Höhepunkt war die Verleihung des Adolfpreises an Dr. Walter Buschmann, Leiter des Referates Technik- und Industriedenkmale beim Landschaftsverband Rheinland (LVR) für Rheinische Denkmalpflege in Pulheim. Dieser Preis wird an Personen oder Institutionen vergeben, die sich für die Wahrung der Bergbautradition im Wurmrevier besonders einsetzen.

Die letzte Schicht vor dem Weihnachtsfest wurde früher von den Bergleuten „Mettenschicht” genannt, die mit einem Gottesdienst und einem Festschmaus mit „Bescherung” gestaltet wurde. So fanden sich wieder viele ehemalige Bergleute mit Angehörigen in der Martin-Luther-Kirche zu dem Gottesdienst ein, der von Pfarrerin Renate Fischer-Bausch gehalten und vom Knappenchor St. Barbara, Alsdorf, musikalisch gestaltet wurde.
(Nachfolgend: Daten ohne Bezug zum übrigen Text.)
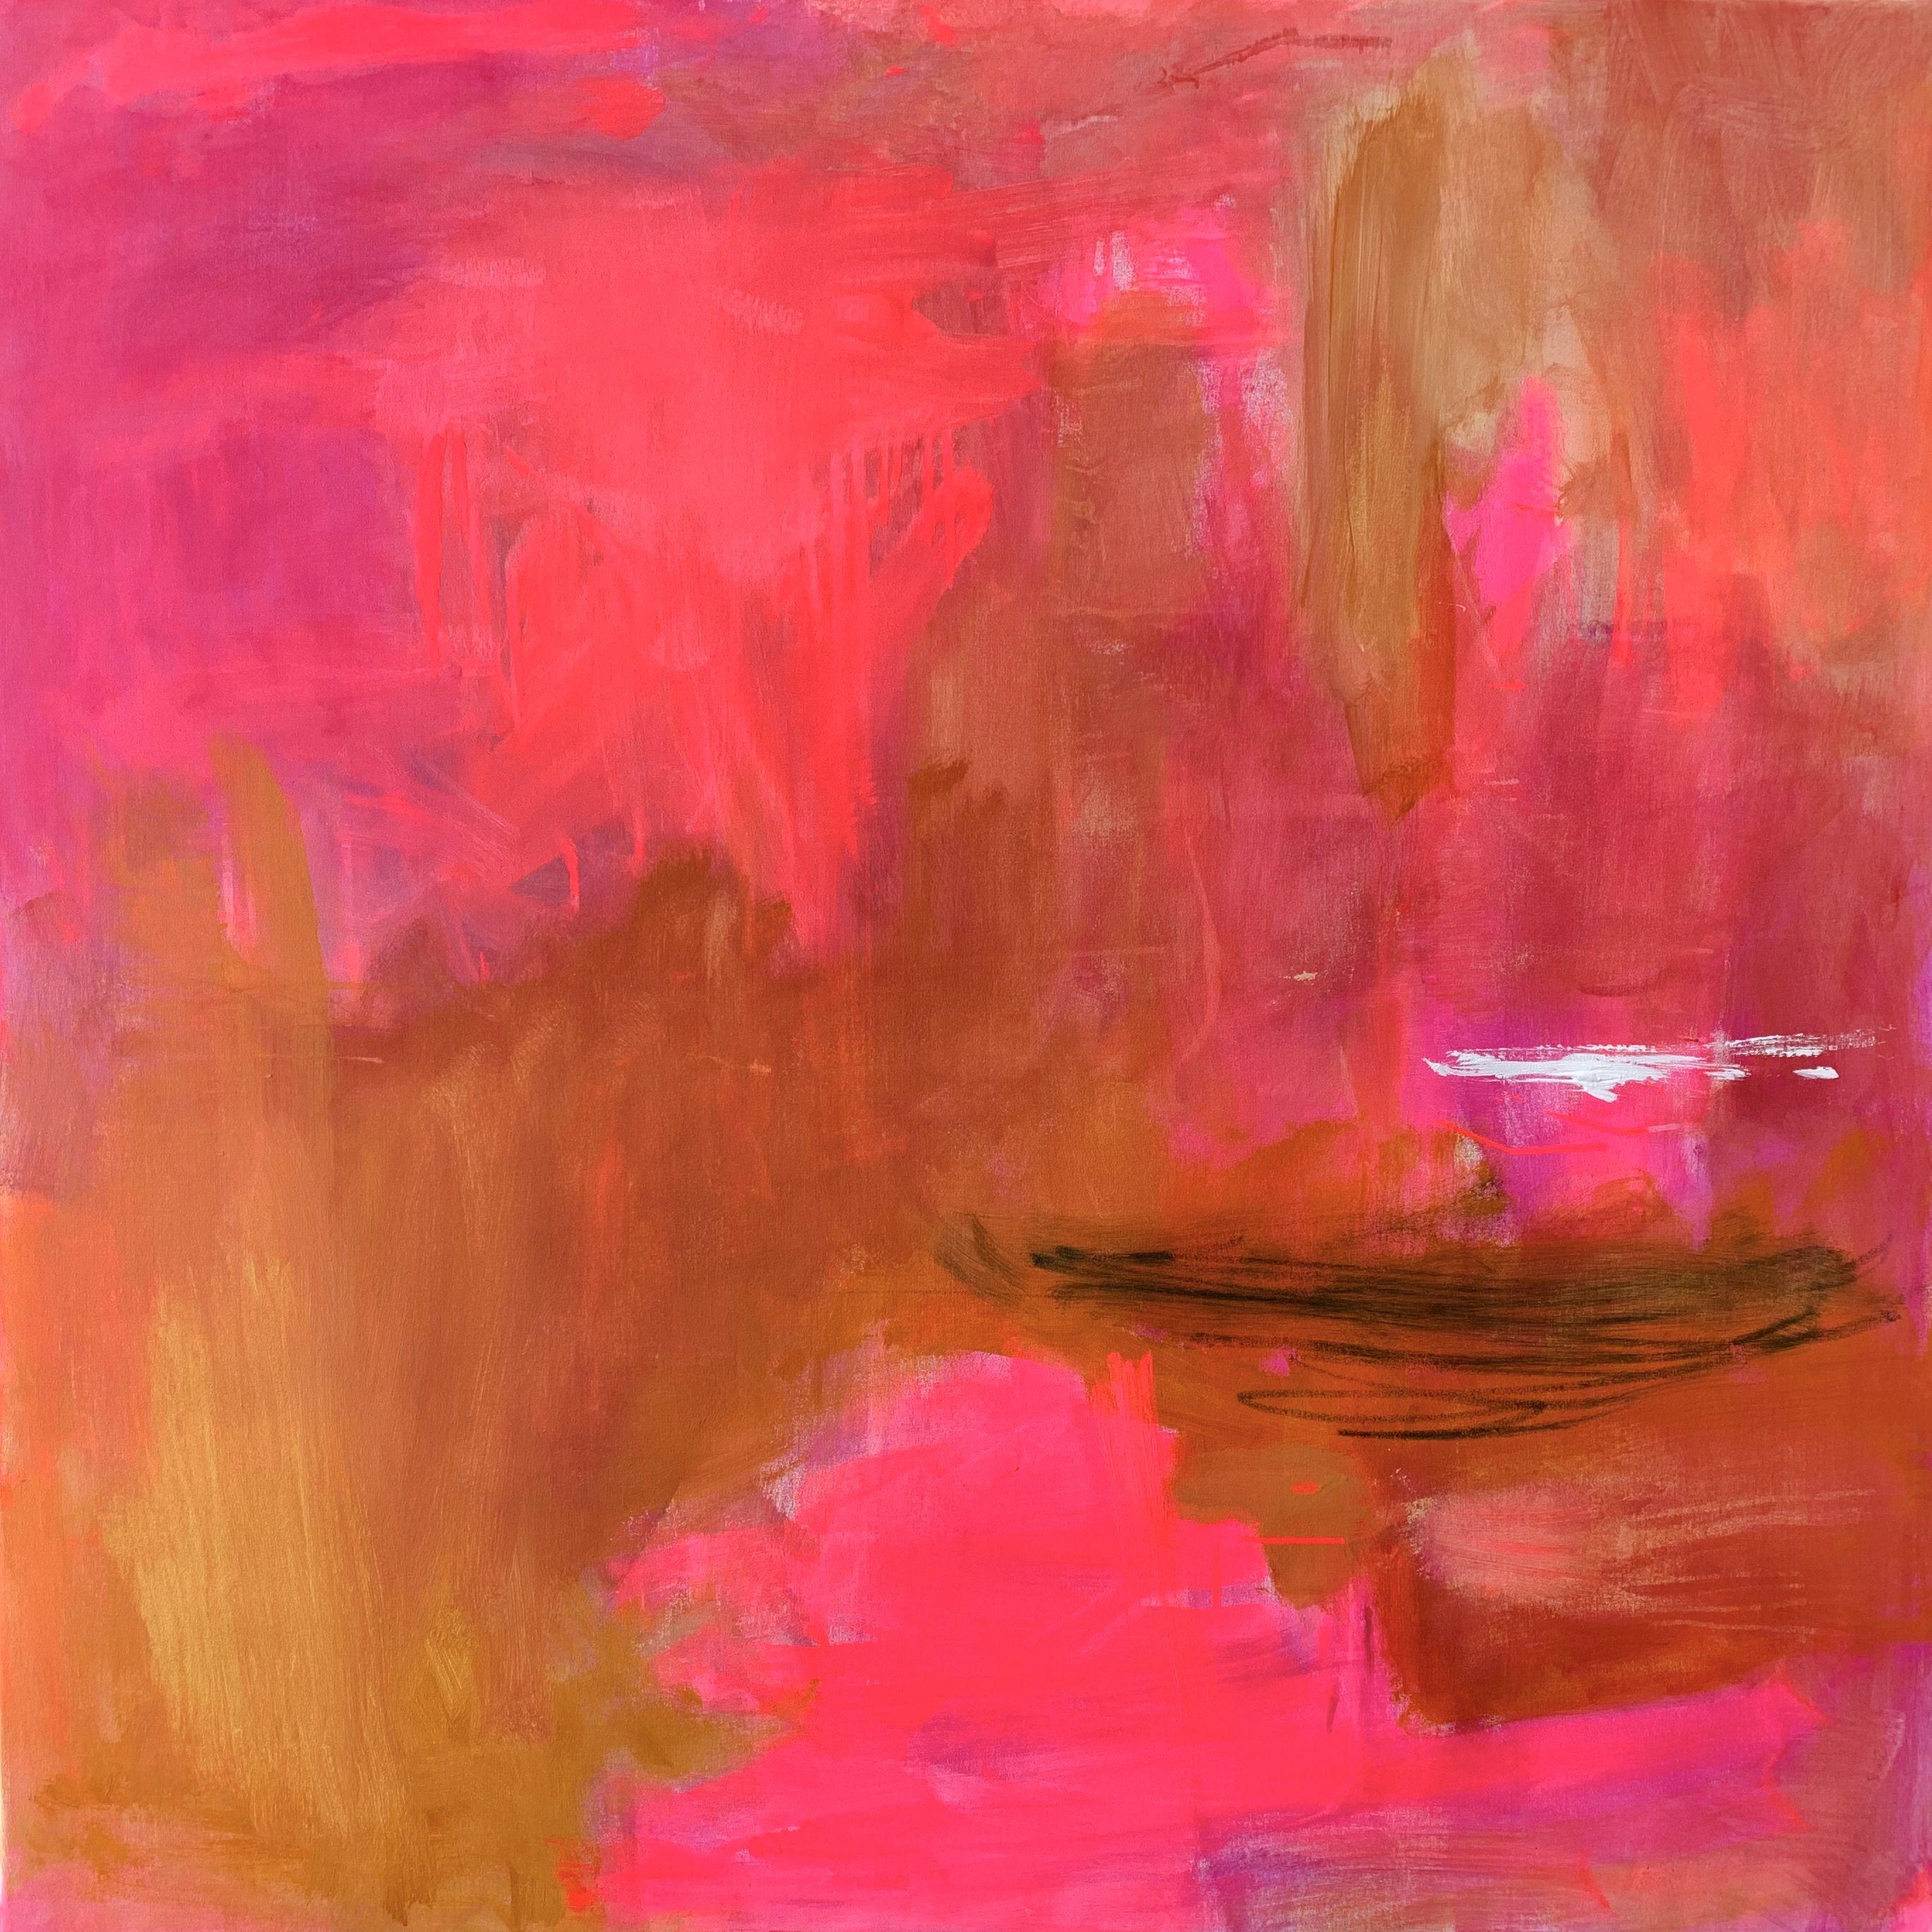 "Sonoran Sunset" is a stunning extra-large, abstract expressionist acrylic and oil painting on canvas by Nashville artist, Trixie Pitts. The palette is bright, bold and warm with hot pink, bright peach, magenta, and golden tan with a dash of black

In ihrer Predigt mahnte sie, gerade in der Adventszeit die Bergbaugeschichte nicht zu vergessen und die Werte lebendig zu erhalten.

Nach dem Kirchgang stärkten sich die Besucher beim Festschmaus im Gemeindesaal. Zu dem geselligen Treffen begrüßte Vorsitzender Dr. Hans-Joachim Helbig neben den Mitgliedern zahlreiche Gäste mit Herzogenraths Bürgermeister Christoph von den Driesch und seinem Stellvertreter Dr. Manfred Fleckenstein an der Spitze.
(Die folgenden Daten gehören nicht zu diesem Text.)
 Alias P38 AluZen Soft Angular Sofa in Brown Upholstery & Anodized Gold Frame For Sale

„Mit der Verleihung des Preises wollen wir Ihre Bedeutung für unseren Verein würdigen”, sagte der Vorsitzende zu und über Buschmann. Er erinnerte an das Gutachten zu der Adolf-Dampf-Fördermaschine der Gutehoffnungshütte Sterkrade und die Bewertung des Fördermaschinenhauses des Wetterschachtes der Grube Adolf in Streiffeld.
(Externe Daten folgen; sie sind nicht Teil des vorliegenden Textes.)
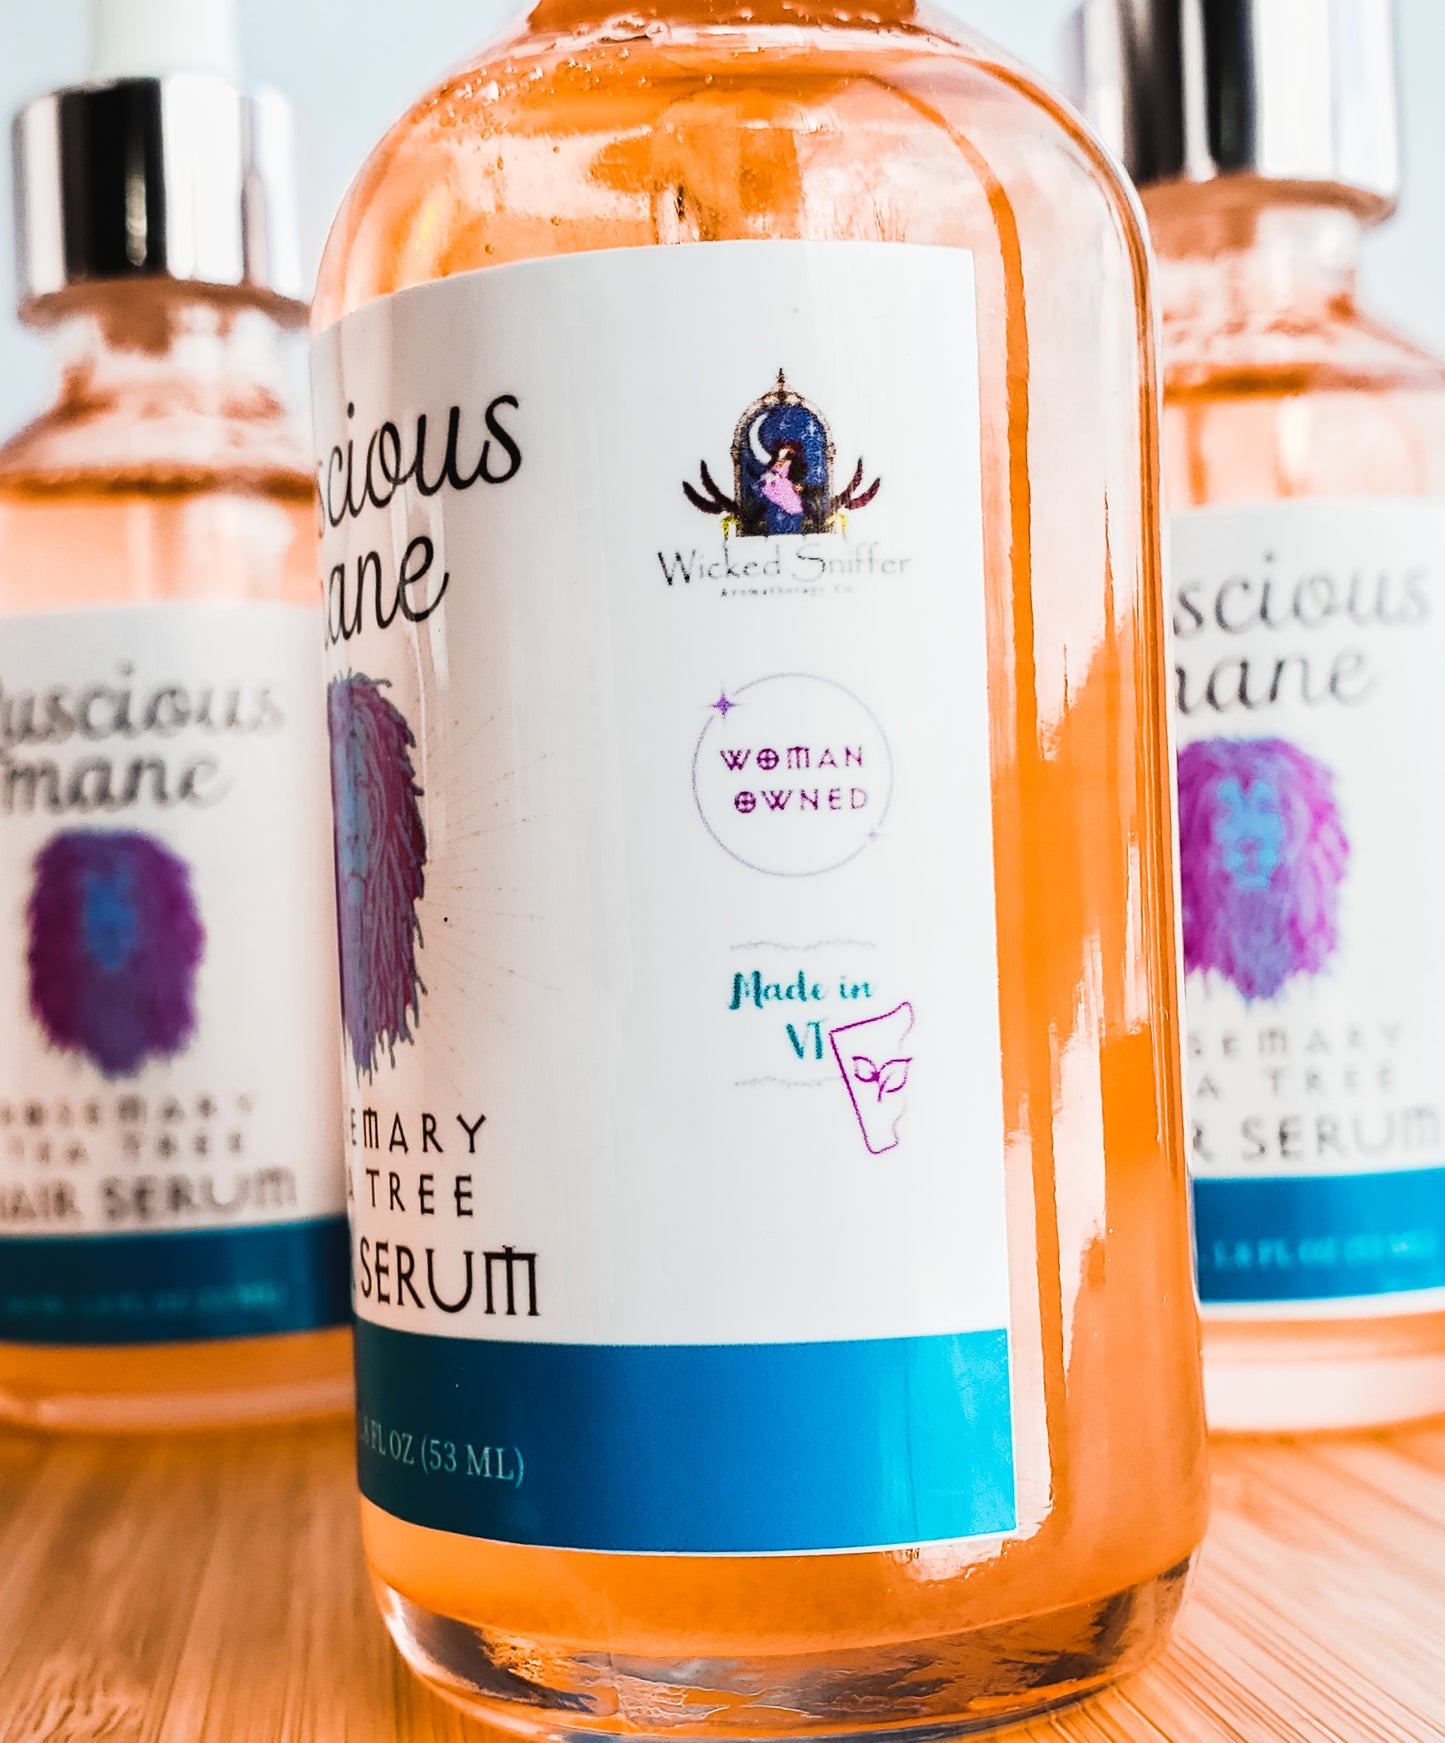 Photo of 3 orange bottles with white labels with a purple and blue lions that says luscious mane rosemary Tea Tree hair serum.

„Mit ihrer Arbeit zu den Zechen und Kokereien des Steinkohlenbergbaus im Rheinland stützen sie unsere Bemühungen, die Bedeutung des sehr weit zurückreichenden Steinkohlenbergbaus im Wurmrevier für die heutige Zeit aufzubereiten”, hob der Vorsitzende hervor. Auch das Buch des Preisträgers über den Braunkohlenbergbau im Rheinland zeigt für Herzogenrath, „dass wir hier in der Region mit der über den Kohlflözen lagernden Braunkohle ein Alleinstellungsmerkmal haben, das eine größere Beachtung verdient”.

Figur vom Laser

Walter Buschmann nahm unter dem Beifall der Besucher aus der Hand des Vorsitzenden den Adolfpreis entgegen, der in einem schmucken Glasquader eine dreidimensional eingelaserte Bergbaufigur zeigt. Als erster Gratulant war Bürgermeister von den Driesch zur Stelle. Er sprach dem Verein Bergbaudenkmal Adolf den Dank von Rat und Verwaltung für seinen Einsatz zur Erhaltung der Bergbautradition in Merkstein aus.

Die Feierstunde wurde mit Liedern des Knappenchores St. Barbara, Alsdorf, unter Leitung von Franz-Josef Palm begleitet.